▶ **DATA EXTRACT**
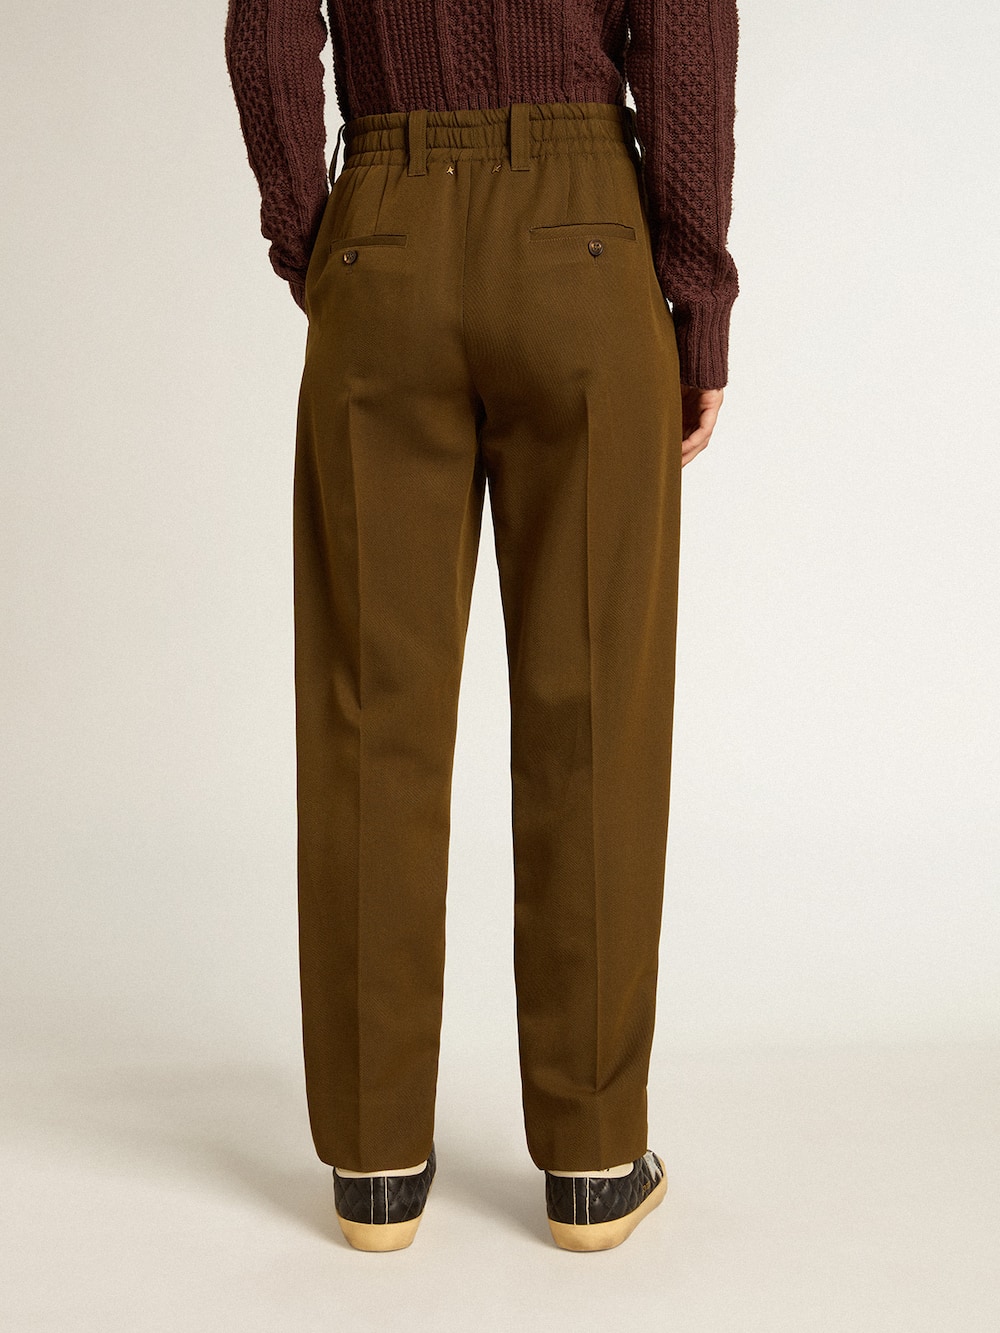 Golden Goose - Pantalone color faggio in misto lana e viscosa in 
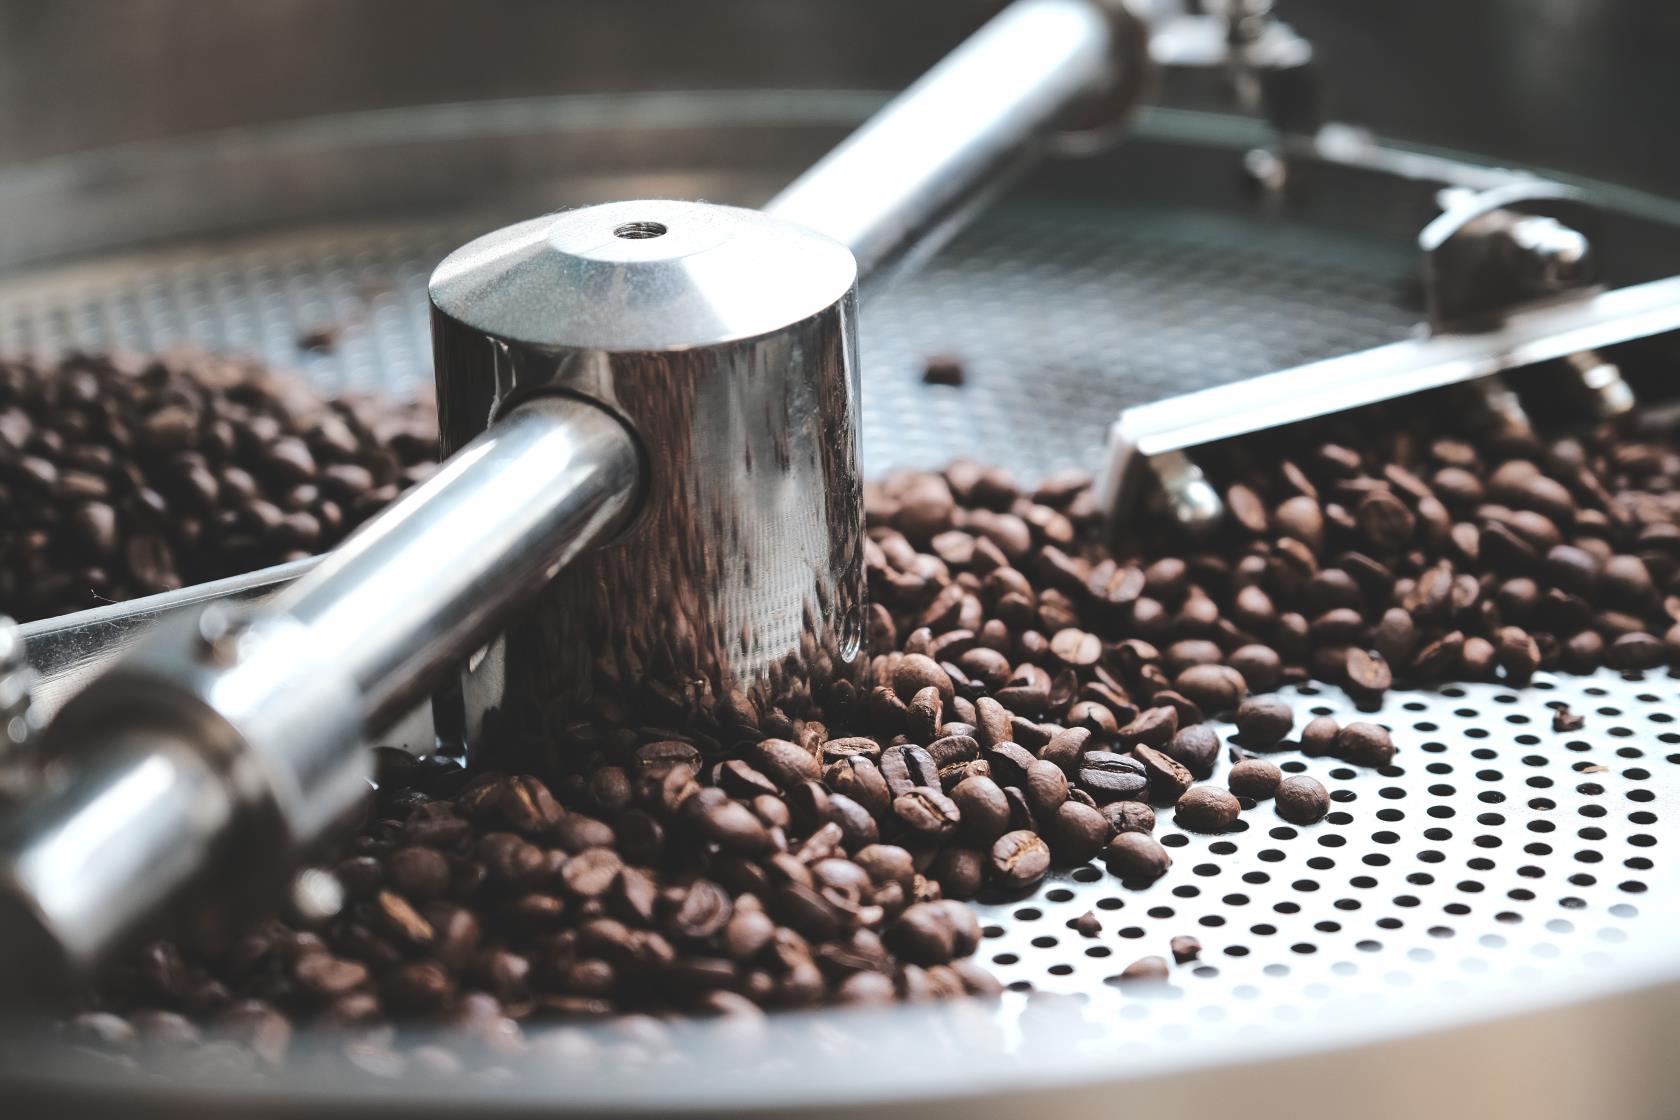 9 erros de preparação de café que estão arruinando sua xícara de café
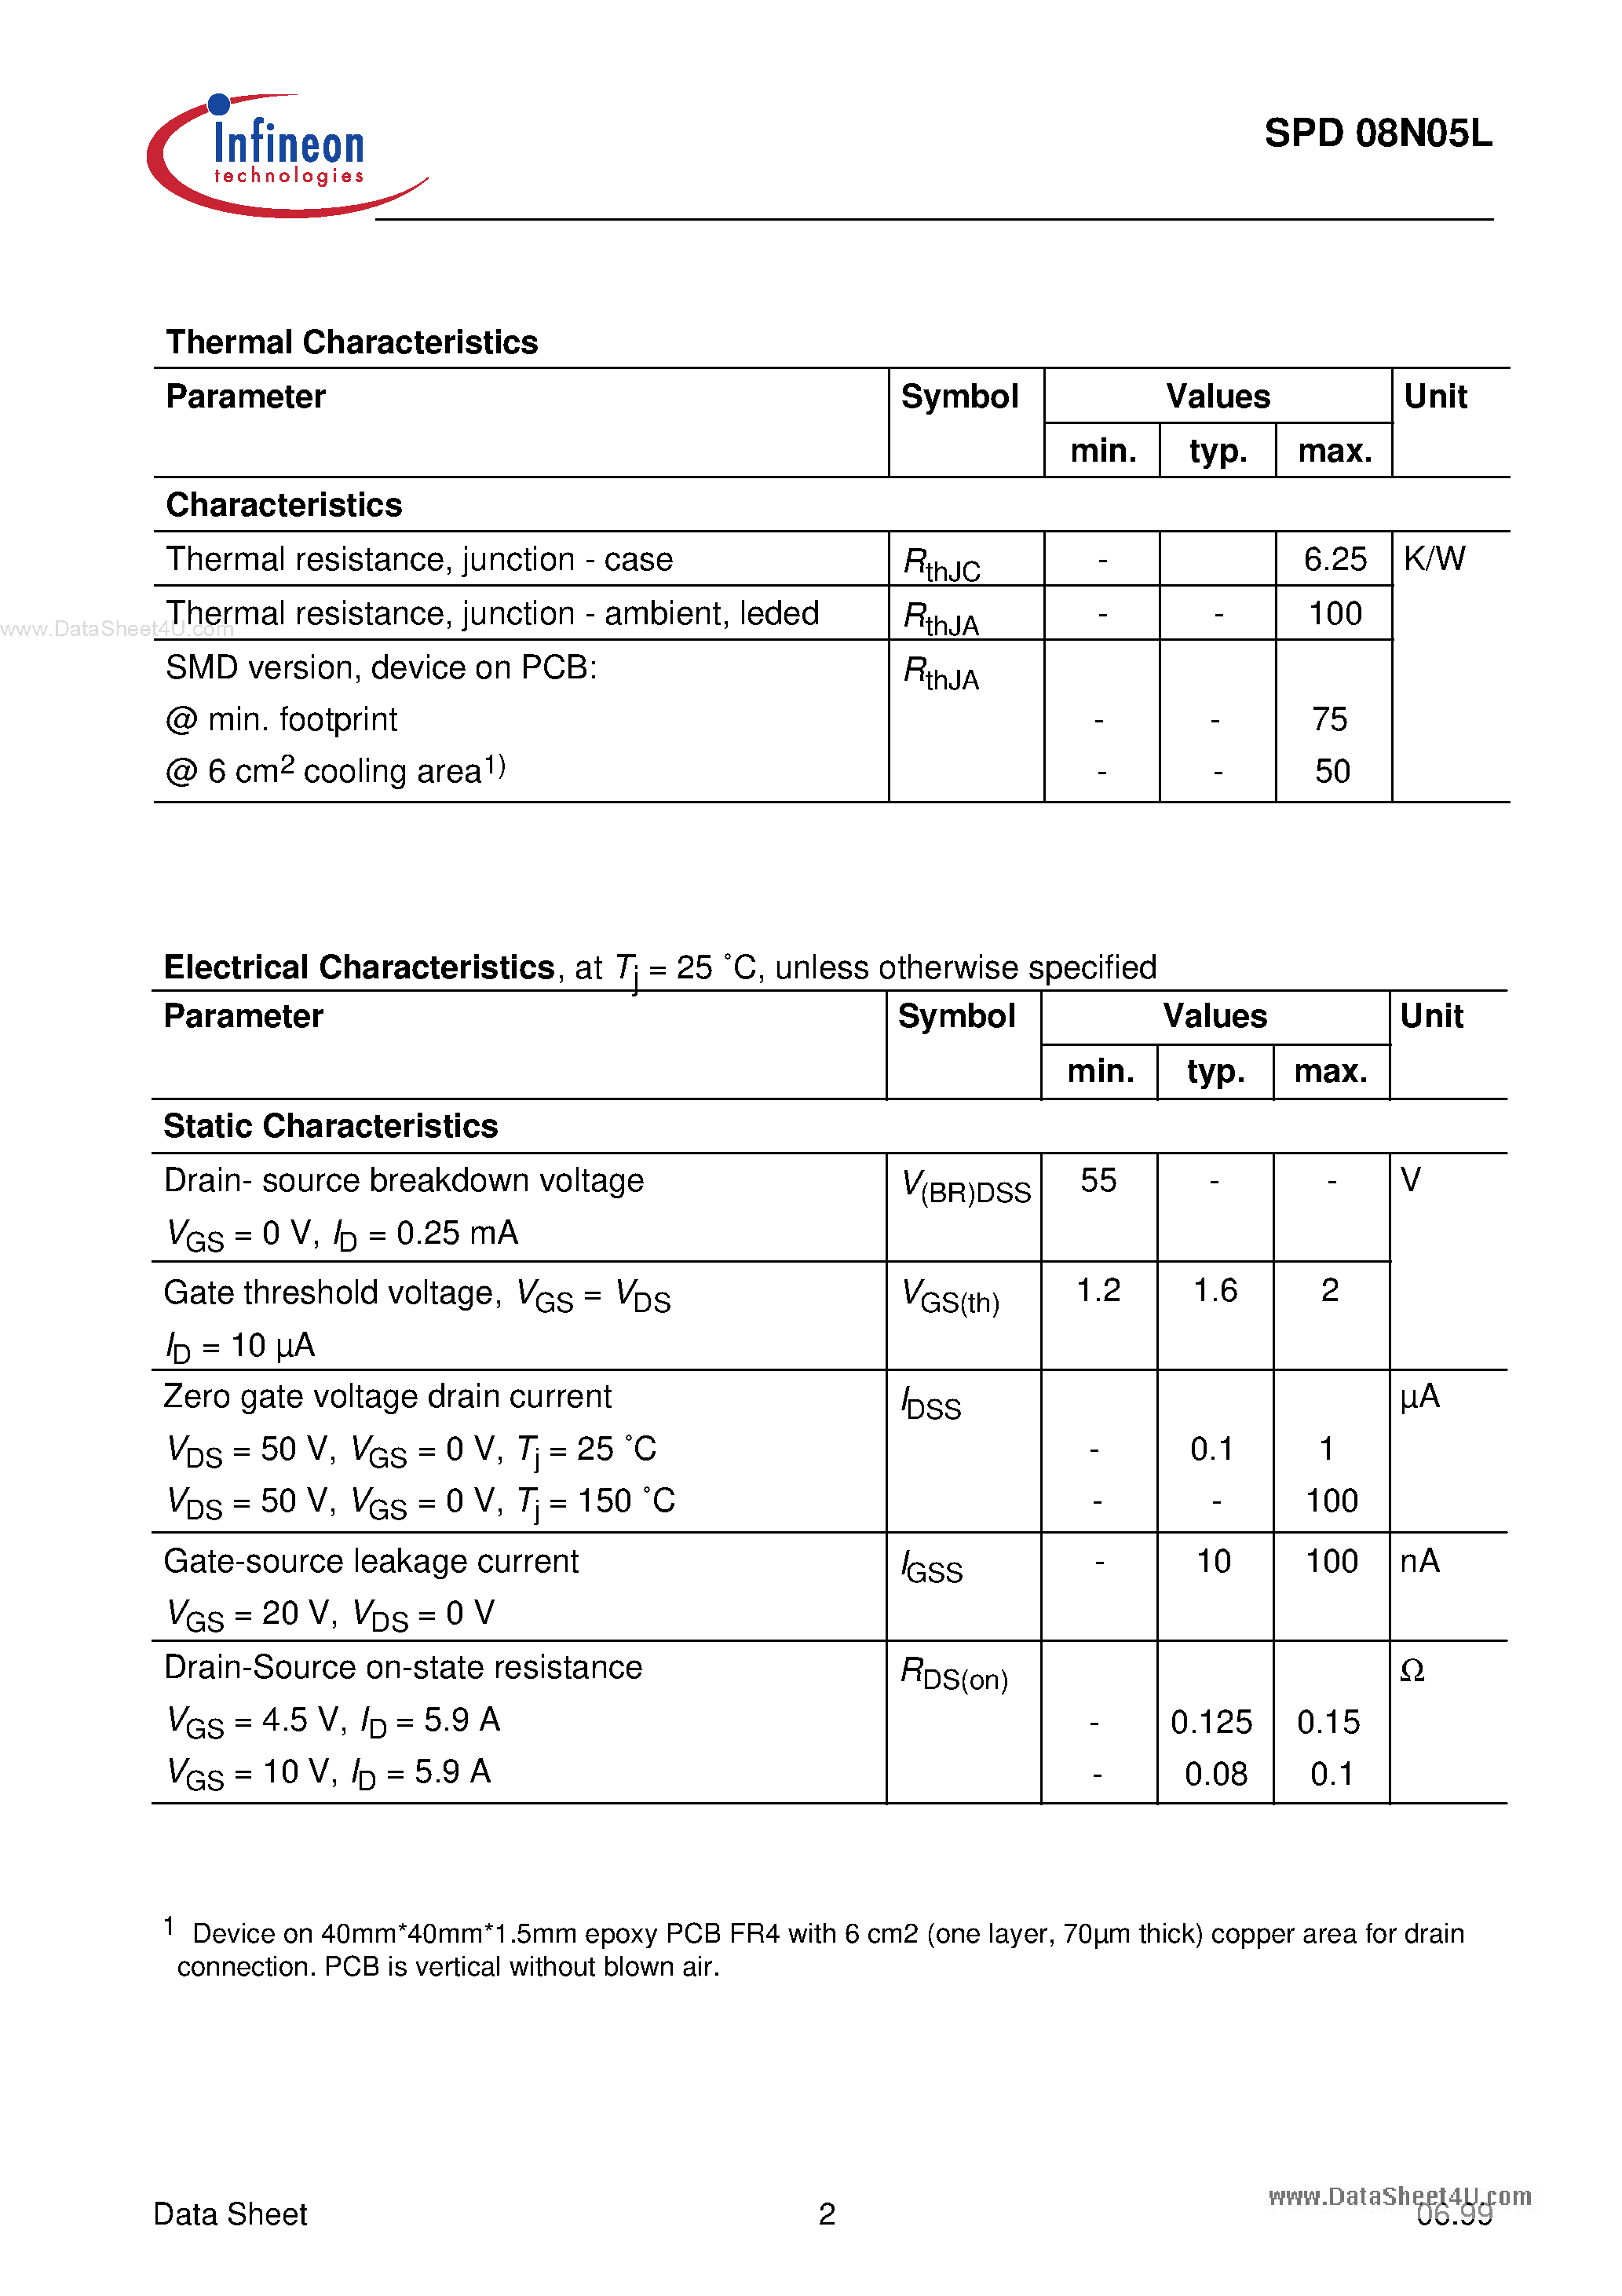 Datasheet SPU08N05L - SIPMOS-R POWER TRANSISTOR page 2
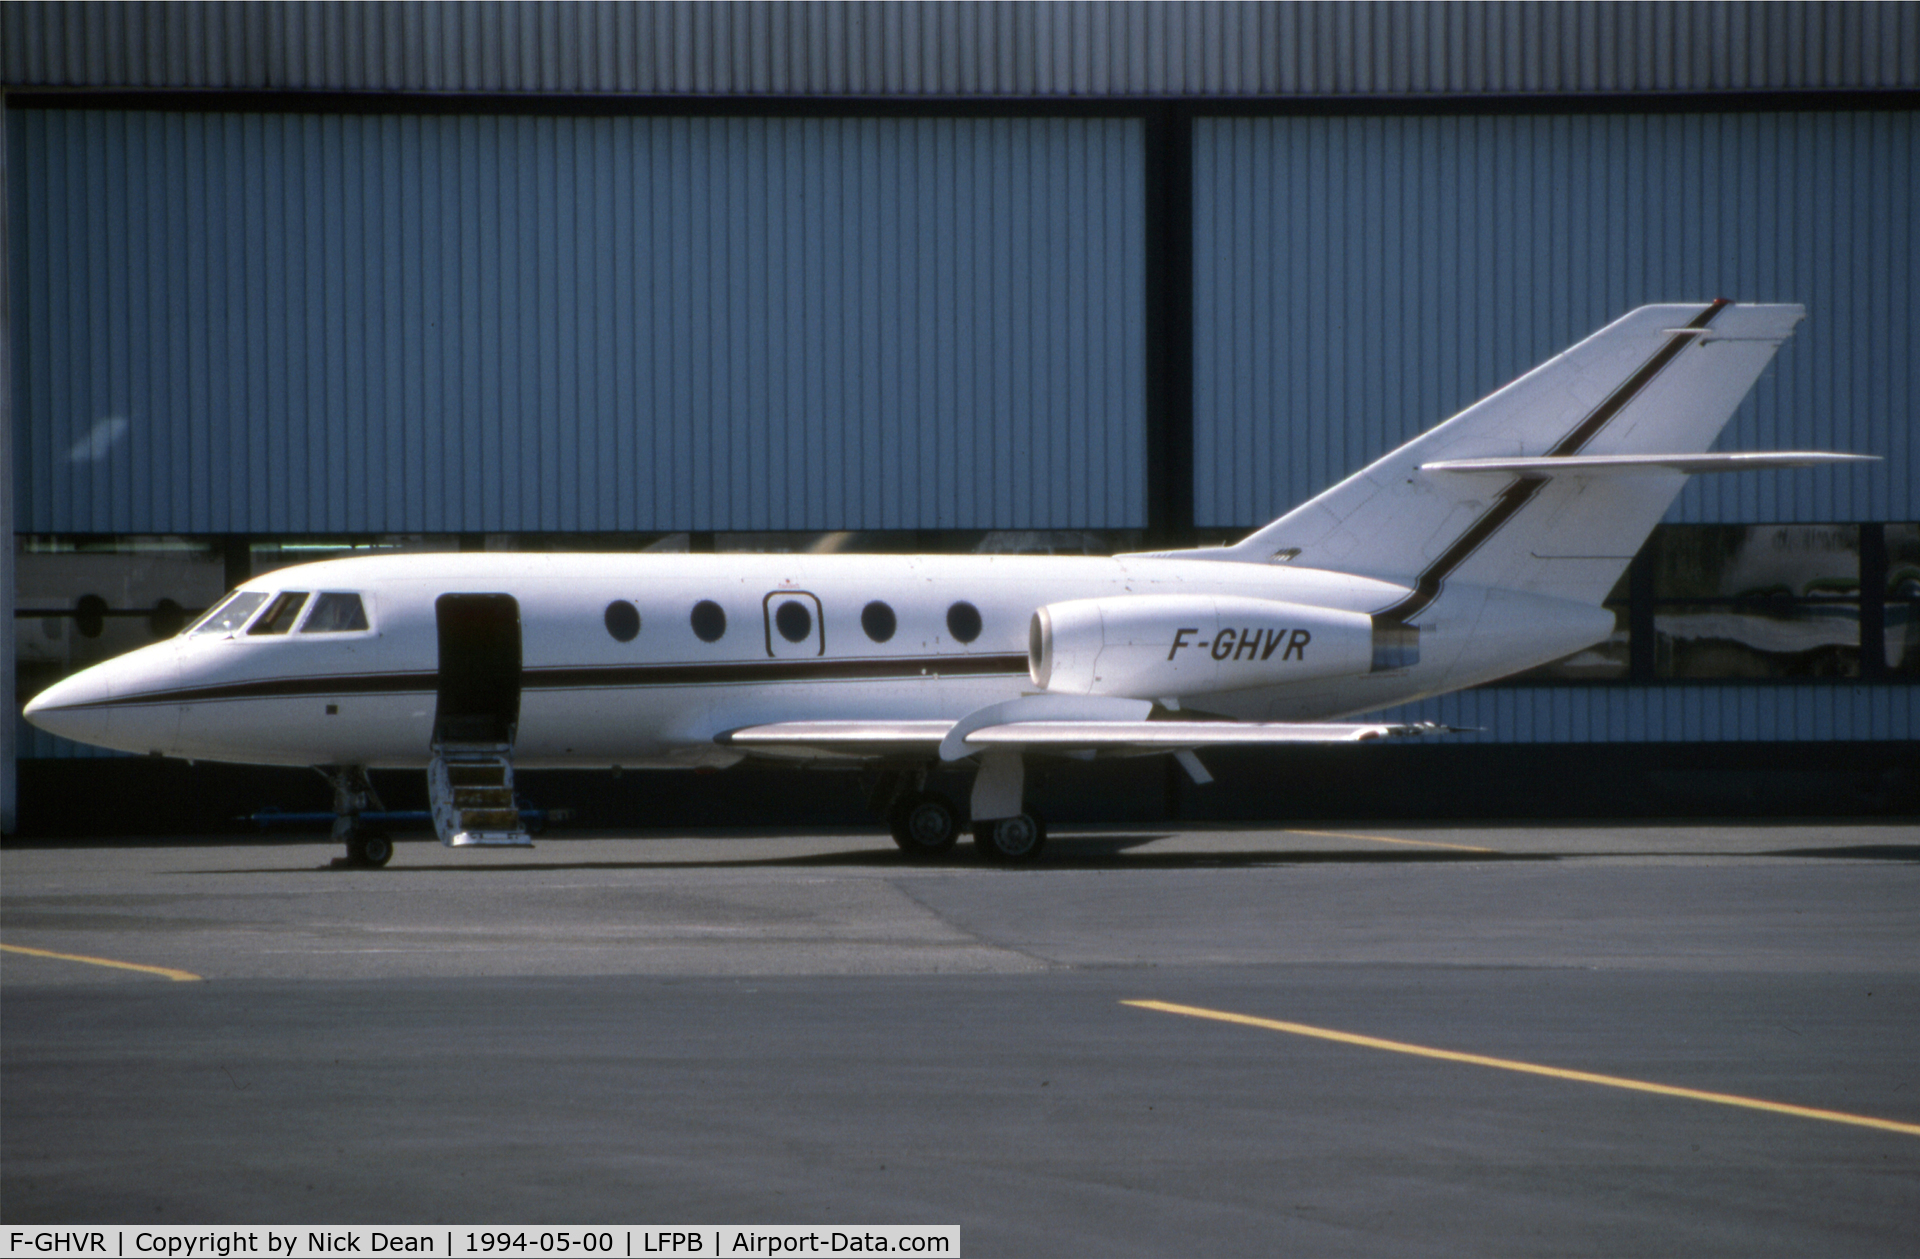 F-GHVR, 1972 Dassault Falcon (Mystere) 20F C/N 262, LFPB

▶ **WORK INSTRUCTION**
Copy the listing character for character, pictures omitted.

▶ **ANSWER TO THIS TASK**
 Golden Goose - Pantalone color faggio in misto lana e viscosa in 
 9 erros de preparação de café que estão arruinando sua xícara de café
 Datasheet SPU08N05L - SIPMOS-R POWER TRANSISTOR page 2
 F-GHVR, 1972 Dassault Falcon (Mystere) 20F C/N 262, LFPB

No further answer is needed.